One legitimate concern is that this might require too much of audit. We certainly understand they have a lot of important work to do and are often understaffed. But audit could at least investigate a few key methods, especially when they have some pseudo‐math. If at least some of the softer models get audited as much as the models with a little more math, organizations would remove the incentive to stick with less scientifically valid methods just to avoid the probes of audit.

What the Cybersecurity Ecosystem Must Do to Support You

Earlier in this book we took a hard look at popular risk analysis methods and found them wanting. They do not add value and, in fact, apparently add error. Some will say that at least such methods help “start the conversation” about risk management, but since lots of methods can do that, why not choose one based on techniques that have shown a measurable improvement in estimates? Nor can anybody continue to support the claim that quantitative methods are impractical, since we've actually applied them in real environments, including Monte Carlos, Bayesian empirical methods, and more advanced combinations of them as discussed in Chapters 8 and 9. And, finally, nothing in the evidence of recent major breaches indicates that the existing methods were actually helping risk management at all.

But we don't actually fault most cybersecurity professionals for adopting ineffectual methods. They were following the recommendations of standards organizations and following methods they've been trained in as part of recognized certification requirements. They are following the needs of regulatory compliance and audit in their organizations. They are using tools developed by any of the myriad vendors that use the softer methods. Thus, if we want the professionals to change, then the following must change in the ecosystem of cybersecurity.

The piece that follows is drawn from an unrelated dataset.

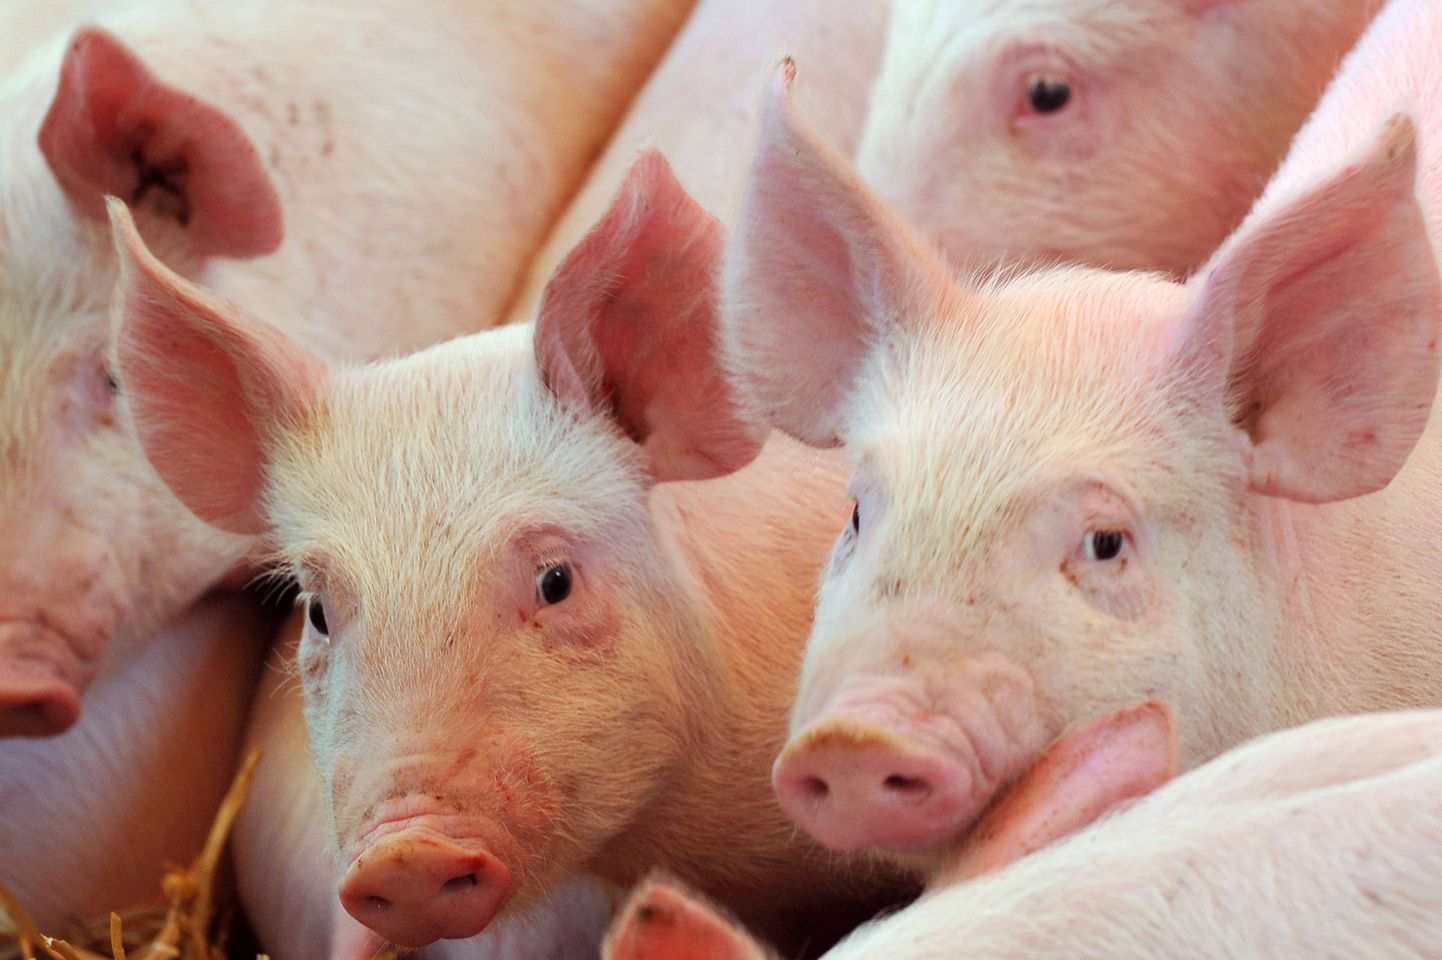 В прошлом году в связи со вспышкой АЧС Министерство сельской жизни ввело более строгие правила биобезопасности для домашних свиней.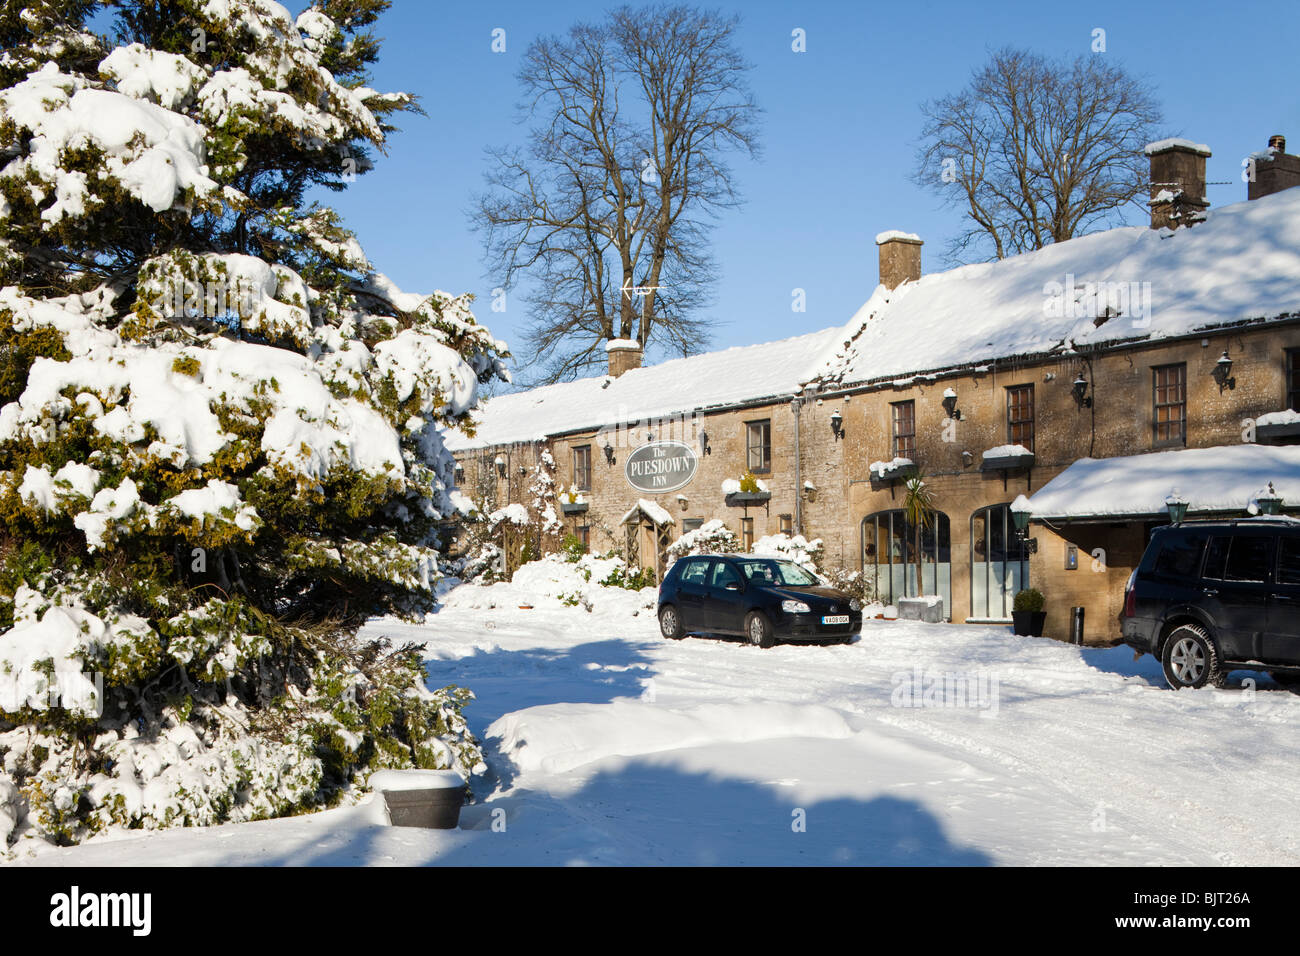 Neige de l'hiver sur les Cotswolds au Puesdown Inn, près de Hazleton, Gloucestershire Banque D'Images

  1. Standards organizations must end the promotion of risk matrices as a best practice and promote evidence‐based (scientific) methods in cybersecurity risk management unless and until there is evidence to the contrary. We have shown that the evidence against non–evidence‐based methods is overwhelming.
  2. To supplement the first point, standards organizations must adopt evidence‐based as opposed to testimonial‐based and committee‐based methods of identifying best practices. Only if standards organizations could show empirical evidence of the effectiveness of their current methods sufficient to overturn the empirical evidence already against them (which seems unlikely given such evidence), they should reinstate them.
  3. An organization could be formed to track and measure the performance of risk assessment methods themselves. This could be something modeled after the NIST National Vulnerability Database—perhaps even part of that organization. (We would argue, after all, that the poor state of risk assessment methods certainly counts as a national vulnerability.) Then standards organizations could adopt methods based on informed, evidence‐based analysis of alternative methods.
  4. Certification programs that have been teaching risk matrices and ordinal scales must pivot to teaching both proper evidence‐based methods and new methods as evidence is gathered (from published research and the efforts just mentioned).
  5. Auditors in organizations must begin applying the standards of model validity equally to all methods in order to avoid discouraging some of the best methods. When both softer methods and better quantitative methods are given equal scrutiny (instead of only assessing the latter and defaulting to the former if any problem is found), then we are confident that better methods will eventually be adopted.
  6. Regulators must help lead the way. We understand that conservative regulators are necessarily slower to move, but they should at least start the process of recognizing the inadequacies of methods they currently consider “compliant” and encouraging better methods.
  7. Vendors, consultants, and insurance companies should seize the business opportunities related to methods identified in this book. The survey mentioned in Chapter 5 indicated a high level of acceptance of quantitative methods among cybersecurity practitioners. The evidence against some of the most popular methods and for more rigorous evidence‐based methods grows. Early promoters of methods that can show a measurable improvement will have an advantage. Insurance companies are already beginning to discover that the evidence‐based methods are a good bet. Whether and how well an insurance customer uses such methods should eventually be part of the underwriting process.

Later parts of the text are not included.